The vulnerability has been patched across multiple AsyncOS versions. For Cisco Email Security Gateway, releases 14.2 and earlier are addressed in version 15.0.5-016, version 15.0 in 15.0.5-016, 15.5 in 15.5.4-012, and 16.0 in 16.0.4-016. Secure Email and Web Manager updates include release 15.0 and earlier fixed in 15.0.2-007, 15.5 fixed in 15.5.4-007, and 16.0 in 16.0.4-010. Cisco also removed persistence mechanisms associated with the attacks, preventing any previously deployed malicious components from continuing to operate on updated systems. Customers are urged to apply updates immediately to mitigate risks from ongoing or potential exploitation.

In addition to patching the flaw, Cisco provided hardening guidelines for affected appliances.
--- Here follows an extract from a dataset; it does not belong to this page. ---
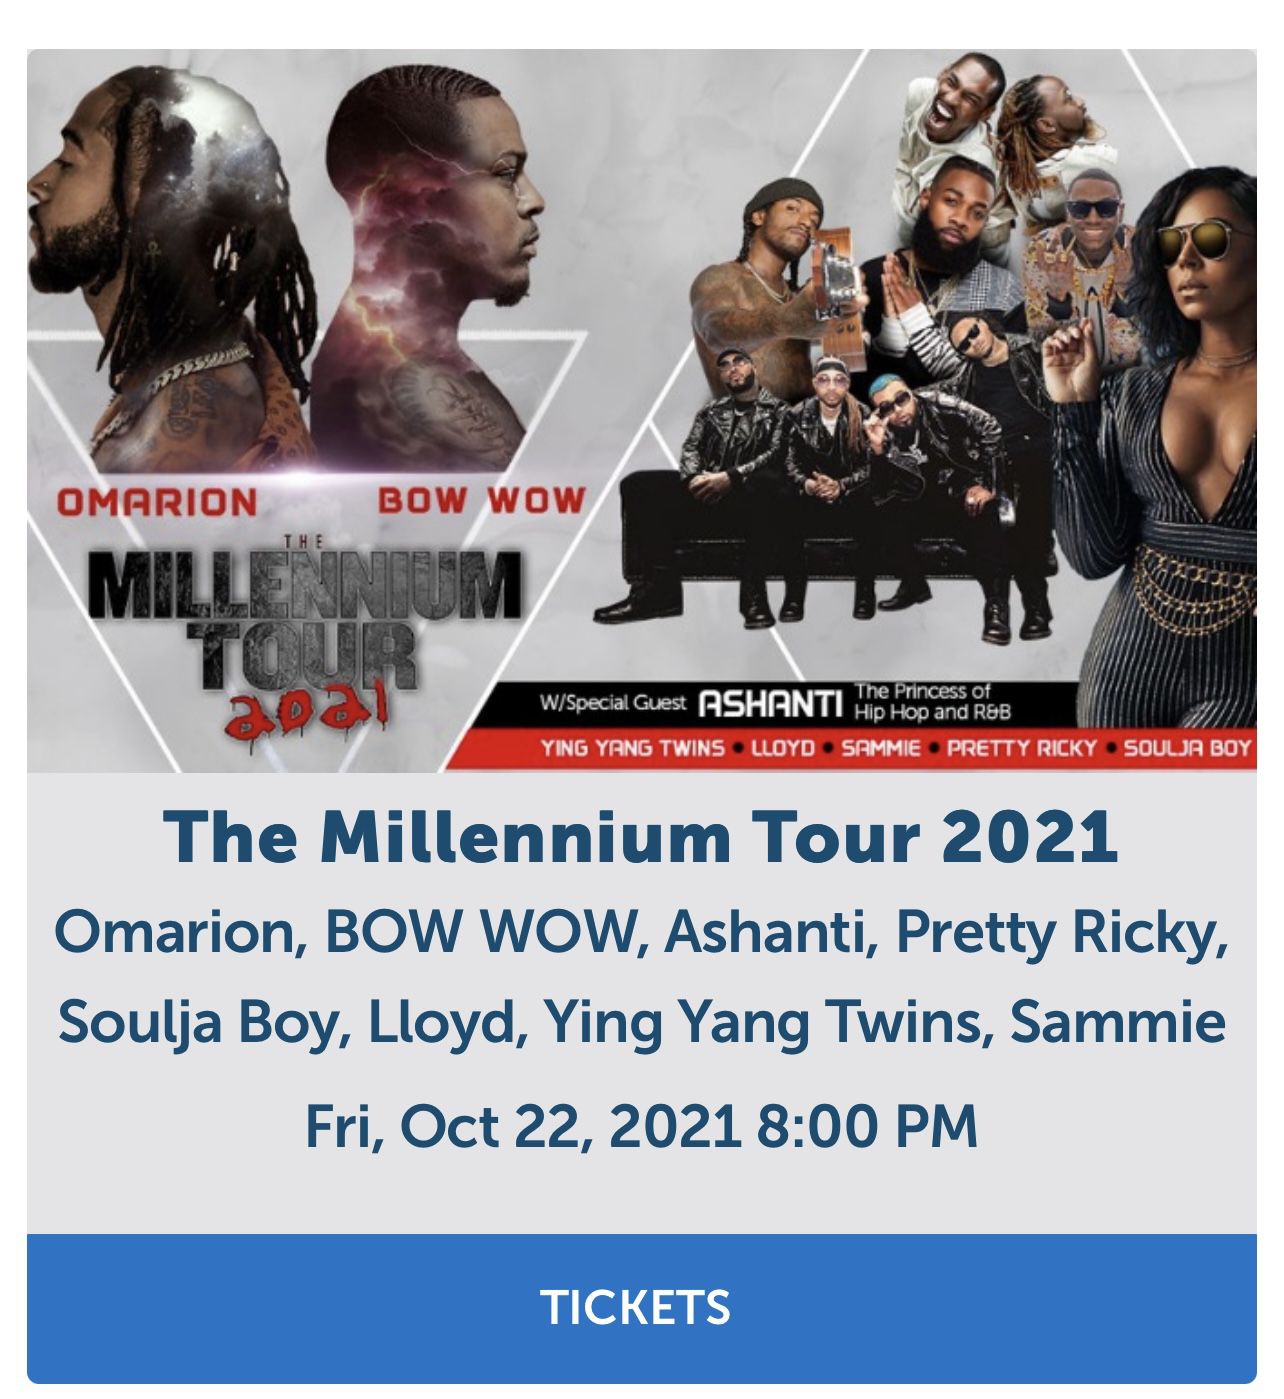 Millennium Tour Seats Friday 10/22 - WILLING TO DISCOUNT

Recommendations include placing devices behind firewalls, monitoring web log traffic for unexpected activity, disabling HTTP access for the main administrator portal, turning off unnecessary network services, enforcing strong authentication such as SAML or LDAP, and updating default administrator credentials to secure variants. The company emphasized that these steps are critical to prevent further compromise and to secure the appliance against potential attacks targeting exposed Spam Quarantine features. With the disclosure and remediation of CVE-2025-20393, organizations running Cisco Secure Email Gateways are advised to review network exposure and implement these security measures to reduce the risk of similar attacks.